LARC for Large batch size training¶
What is LARC¶
LARC (Large Batch Training of Convolutional Networks) is a technique proposed by Yang You, Igor Gitman, Boris Ginsburg in https://arxiv.org/abs/1708.03888 for improving the convergence of large batch size trainings. LARC uses the ratio between gradient and parameter magnitudes is used to calculate an adaptive local learning rate for each individual parameter.
See the LARC paper for calculation of learning rate.
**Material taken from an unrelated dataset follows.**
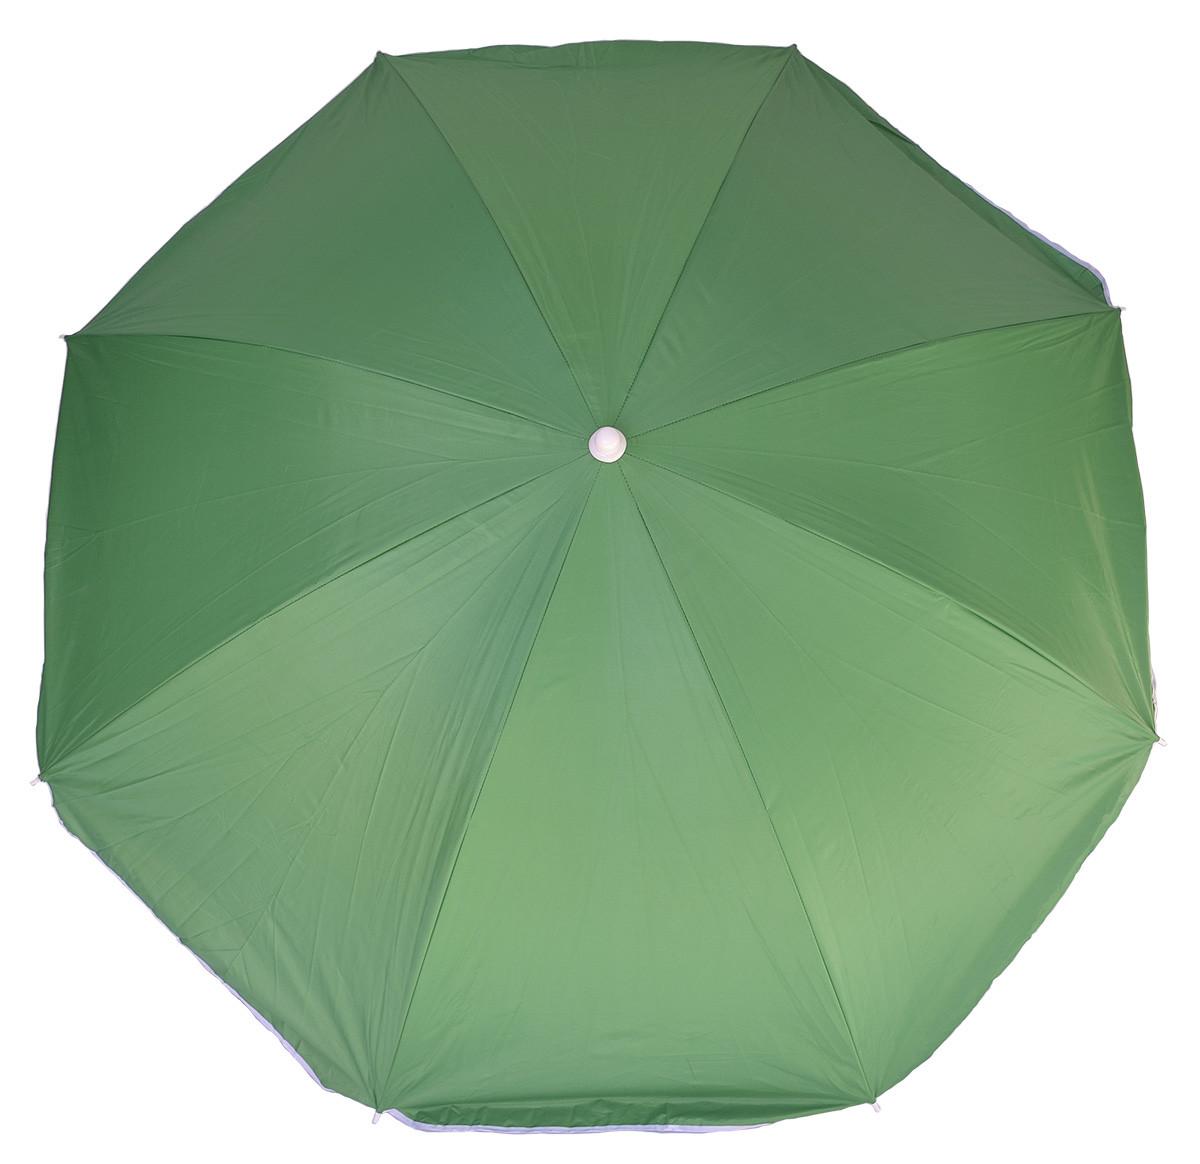 Зонт пляжный торговый однотонный 2.0 м с наклоном

In practice, it modifies the gradients of parameters as a proxy for modifying the learning rate of the parameters.
How to enable LARC¶
VISSL supports the LARC implementation from NVIDIA’s Apex LARC. To use LARC, users need to set config option
OPTIMIZER.use_larc=True. VISSL exposes LARC parameters that users can tune. Full list of LARC parameters exposed by VISSL:
OPTIMIZER: name: "sgd" use_larc: False # supported for SGD only for now larc_config: clip: False eps: 1e-08 trust_coefficient: 0.001
LARC is currently supported for SGD optimizer only.
In order to use Apex, VISSL provides
pip packages of Apex (compiled with Optimzed C++ extensions/CUDA kernels). The Apex
packages are provided for all versions of
CUDA (9.2, 10.0, 10.1, 10.2, 11.0), PyTorch >= 1.4 and Python >=3.6 and <=3.9.